Methods: During the 2 phases of the field trials, ILSE app log data were collected from 165 participants. Using this data set, 2 data-driven approaches were applied for clustering to group app users who were similar to each other. First, the common approach of user-type clustering based on expert-defined thresholds was replaced by a data-driven derivation of the cluster thresholds using the Jenks natural breaks algorithm. Second, a multidimensional clustering approach using the Partitioning Around Medoids algorithm was explored to consider the detailed app usage pattern data.

Results: Applying the Jenks clustering algorithm to the mean usage per day and clustering the users into 4 groups showed that most of the users (63/165, 38.2%) used the Fit at home function between once a week and every second day. More men were in the low usage group than women. In addition, the younger users were more often identified as moderate or high users than the older users, who were mainly classified as low users; moreover, the regional differences between Vienna and Salzburg were identified. In addition, the multidimensional approach identified 4 different user groups that differed mainly in terms of time of use, gender, and region. Overall, the younger women living in Salzburg were the users with highest average app usage.

Conclusions: The application of different clustering approaches showed that data-driven calculations of user groups can complement expert-based definitions, provide objective thresholds for the analysis of app usage data, and identify groups that can be targeted individually based on their specific group characteristics.

JMIR Form Res 2022;6(8):e30149

doi:10.2196/30149

Keywords

active and assisted living;app usage;cluster analysis;Jenks natural breaks algorithm;Partitioning Around Medoids algorithm;physical activity promotion;usage groups



Introduction

Background

Around 1.65 million people ≥65 years old were living in Austria in 2018. This number will increase to 2.5 million in 2040 according to the 2018 population forecast of the Austrian Conference on Spatial Planning [1]. The increasing number of older adults highlights the need for health-promoting measures to prevent immobility and ensure a good quality of life for this growing segment of society.

To date, the recommended physical activity dosage for healthy insufficiently active adults consists of 150 minutes of moderate to vigorous physical activity per week [2,3]. In addition, according to the World Health Organization (WHO) [4], people ≥65 years old with poor mobility should be physically active for ≥3 days per week, focusing on functional balance to prevent falls. However, every exercise session, whether short (seconds to minutes) or long (minutes to hours), counts toward reducing the risk of cardiometabolic morbidity and mortality [5].

To promote physical activity, the fitness program Fit-mit-ILSE was introduced as part of the Austrian Active and Assisted Living (AAL) research project, fit4AAL. The project aimed to make the increasingly technology-familiar generation of ≥55 years fit and fit for the use of assistive technologies. Within the program, an app called ILSE was developed to support and encourage the older adult population to exercise at home or outdoors through videos and courses on a tablet or 3D camera system.

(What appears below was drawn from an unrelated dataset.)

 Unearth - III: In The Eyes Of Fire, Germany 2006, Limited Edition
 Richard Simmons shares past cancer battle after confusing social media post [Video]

In particular, the analysis of app usage is of interest in determining the acceptance of apps in general and fitness apps. Actual app usage can be monitored by analyzing the questionnaire or app usage log data, which may include exercise frequency tracking. App usage and reasons for fitness and health apps have been addressed in various studies. For example, the study by Dadaczynski [6] analyzed the user experience and the actual use of the web-based intervention Healingo Fit with a user experience questionnaire and usage data. The results showed particularly high satisfaction values for the dimensions of attractiveness, stimulation, and originality. Analysis of the log data revealed that the app was visited on average 65 times a day within 6 weeks [6]. The study by Schneider et al [7] discussed the use of the AAL prototype CARIMO and found from the analysis of the log data that the use of the CARIMO app remained quite stable during the test months. The study by Meyer et al [8] analyzed the use of activity trackers and described their general use, changes over time, and characteristic patterns of activity tracker usage in the long term.

The definition of app usage groups characterizes users and can be used as a grouping variable in statistical tests. From an exercise prescription perspective, identifying user types is important for creating a personalized fitness training program. Such personalization aims to engage in health-promoting physical activity, improve physical fitness levels, and maintain users’ exercise fidelity [9]. A wrongly tailored exercise program, that is, if the exercises are too difficult and too intense, will not be adopted by the user [9,10]. By analyzing app usage and identifying the types of usage, app limitations can be identified. For example, it is possible to investigate which user groups are using the app and which groups may not yet be addressed and therefore may need other engagement strategies.

Thus far, different approaches have been used to identify and group app usage groups. Meyer et al [8] and Schneider et al [7] used expert or predefined categorization limits to define different use patterns or user types. Data-driven clustering of users was performed by Lim et al [11], who used daily step counts from activity trackers of 140,000 individuals and clustered them into 16 user segments.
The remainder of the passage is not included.